Postby minnbills » Thu Feb 08, 2018 4:36 pm

LST gets its date from the law schools and from the ABA required disclosures (which come from the law school).

Law schools often play games with their employment numbers. The most common tactic is that many will hire unemployed grads for a few months so that they can represent a lower unemployment rate when the reporting period comes around.

As a UMN law grad, I will just say that many grads from Mitchell/UST don't get good employment outcomes. Whereas most people coming out of UMN get something. A LOT of people I know from UMN who struggled to find jobs ended up doing state court clerkships and are now moving into small firms around the twin cities. They are looking at salaries around 50-60k two years out from graduation. If you go to the U, work hard and apply broadly, that is your worst-case scenario. The people I know who did worse are the ones who never took school or the job search seriously.

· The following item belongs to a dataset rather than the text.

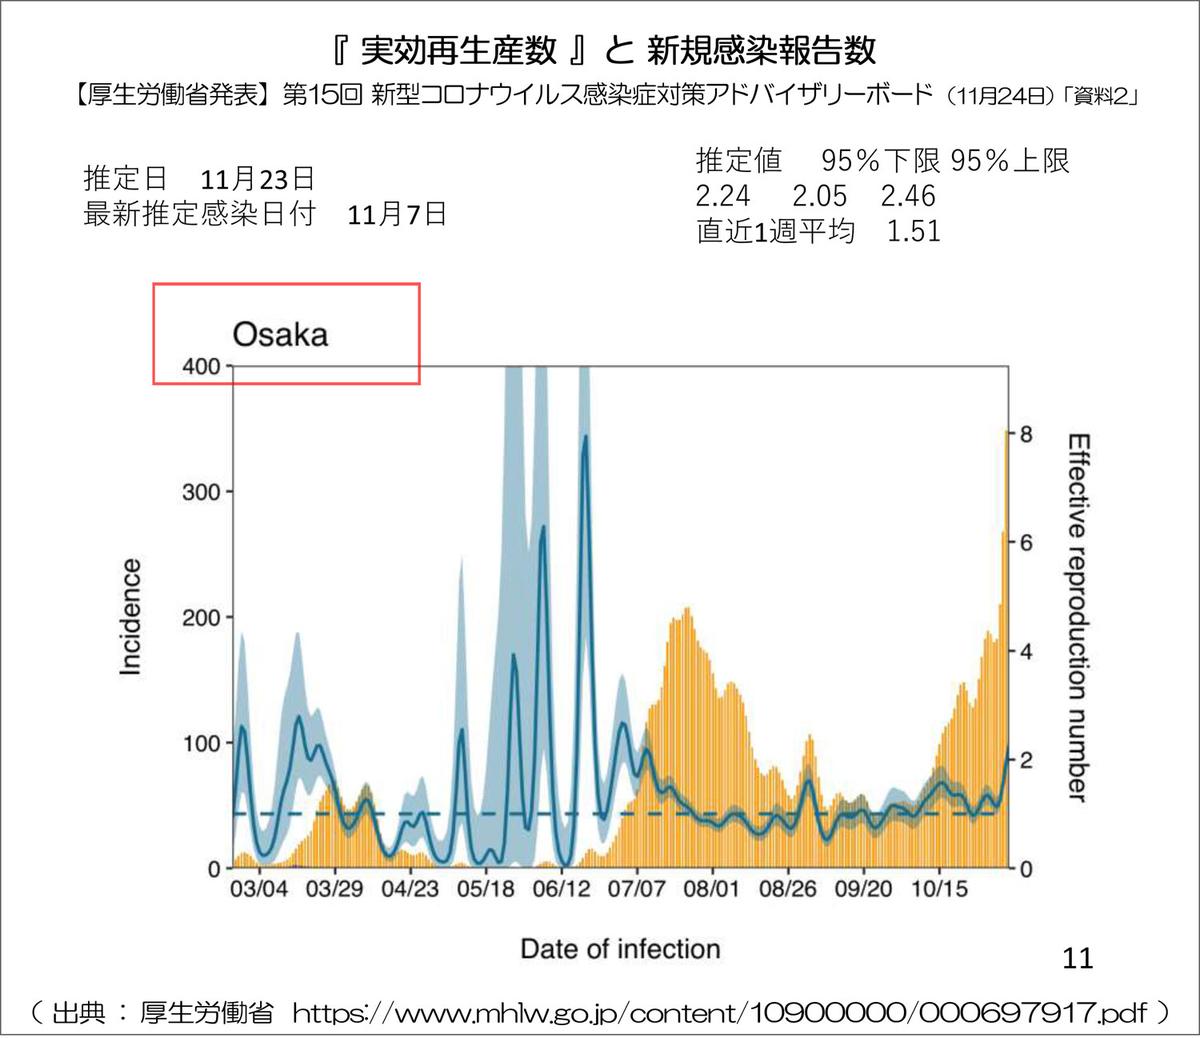 大阪 数 実効 生産 再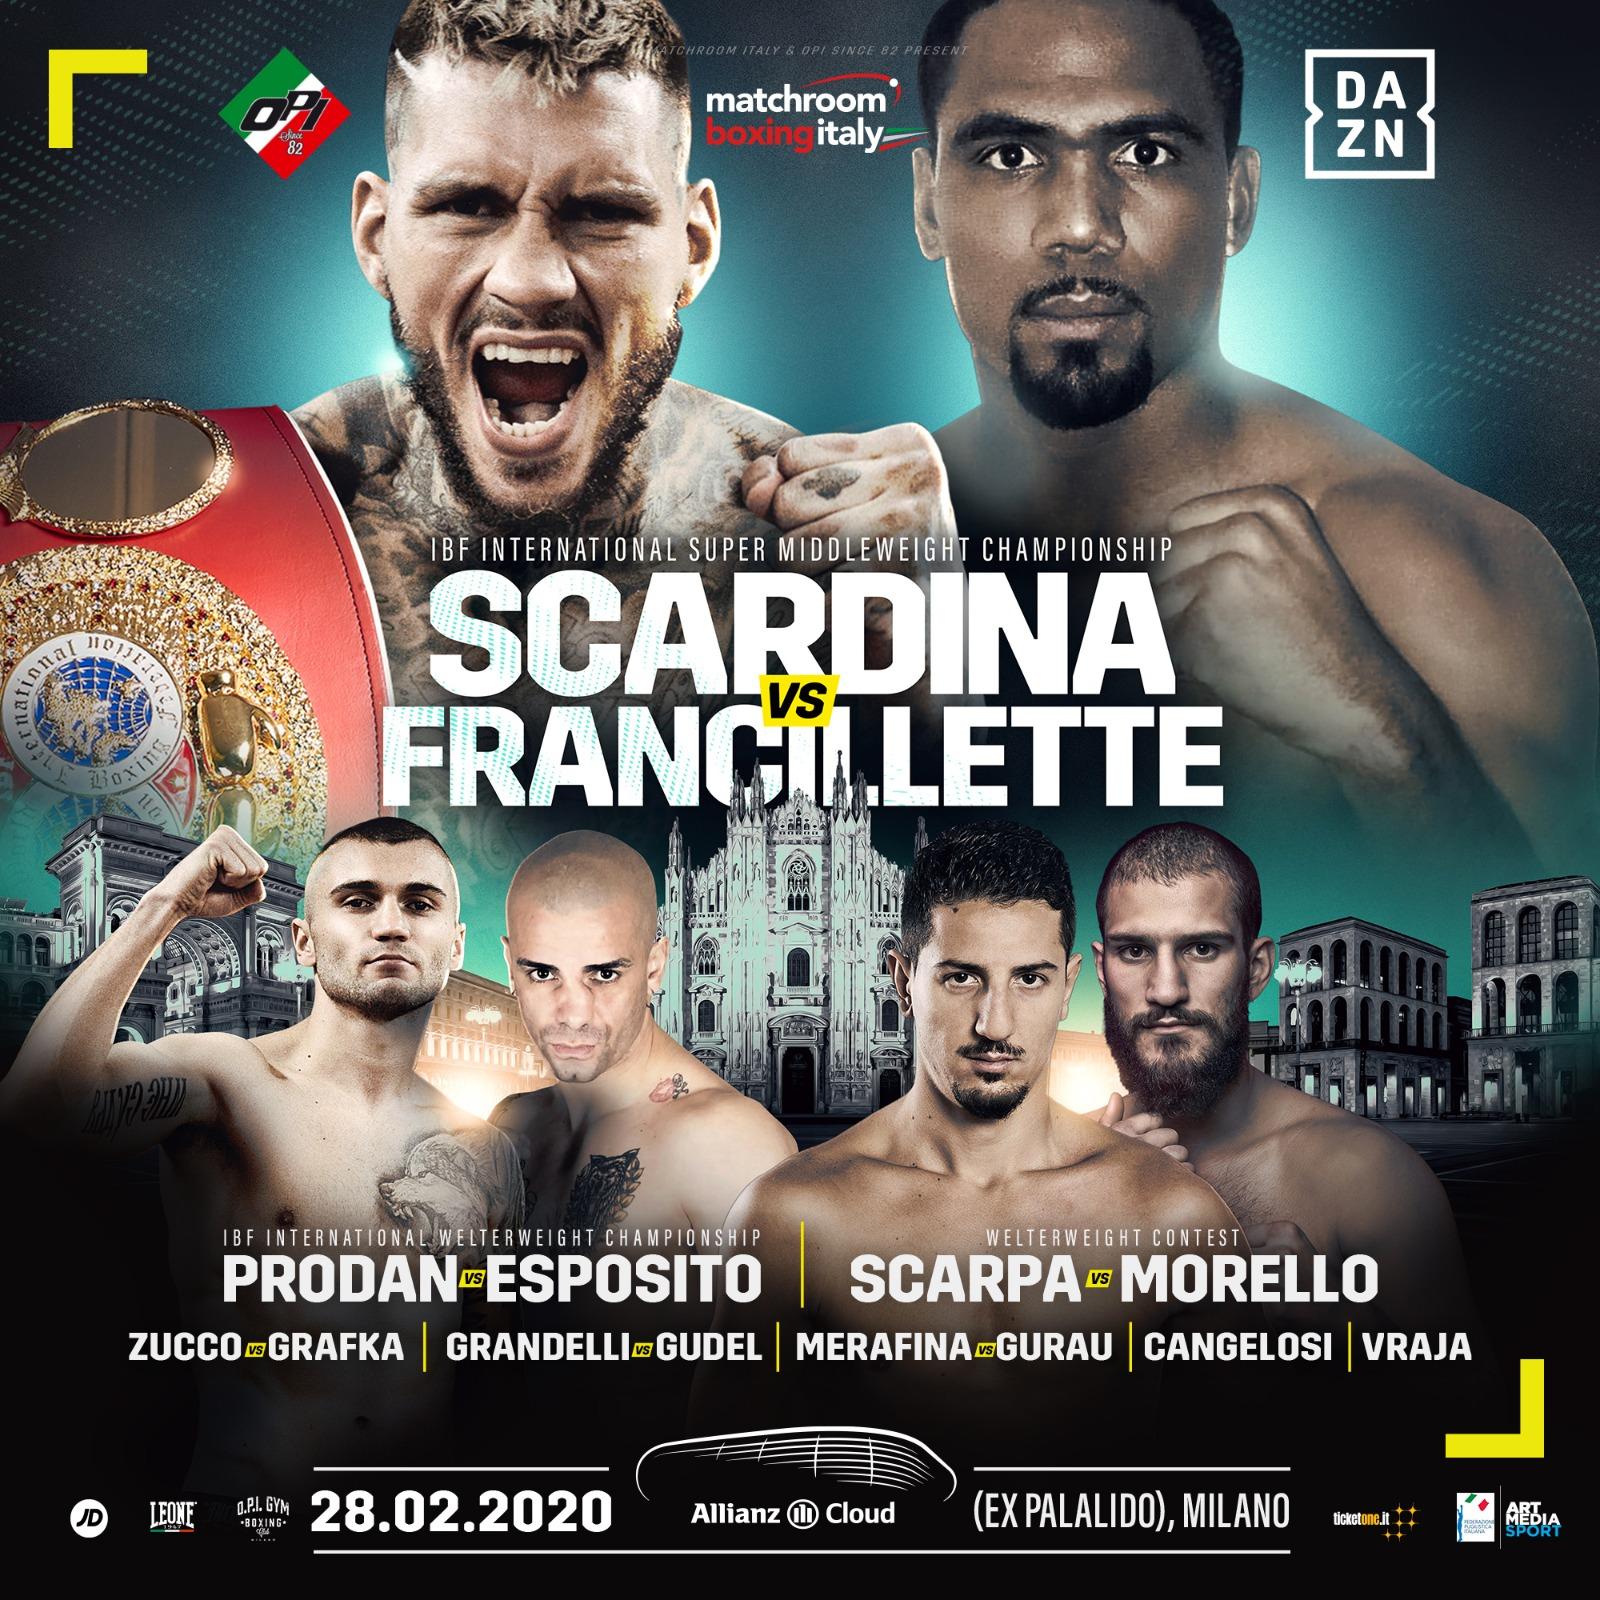 Boxe - Il 20 marzo torna la grande Boxe a Milano dopo lo stop Coronavirus

My section of 40 students at UMN basically breaks down like this:

6 did federal clerkships (which is unusually high for a section at the U). 2 went COA, 4 to D.Ct., and I did a bankruptcy clerkship. All 6 are now moving into law firm jobs, ranging from midlaw in MN to SullCrom in NYC.

about 5-6 went right to biglaw, with Skadden at the high end and regional firms in MN at the low end.

the next 20 or so did a mix of state court clerkships, state government, and small firm jobs.

The remainder dropped out of school before graduation, out of law post-graduation. I think a couple are still doing doc review.

The situation for Mitchell/UST grads is quite different. There are grads from these schools who are bright, did everything right, and still couldn't find a legal job. I don't know for sure what the situation is, but I'm guessing there are 2-3 federal clerks who come out of the whole class, and maybe 5-10 who get jobs with larger firms. On the other hand, if you have a full ride and play your cards right you can eliminate student debt risk, so you are only looking at opportunity cost.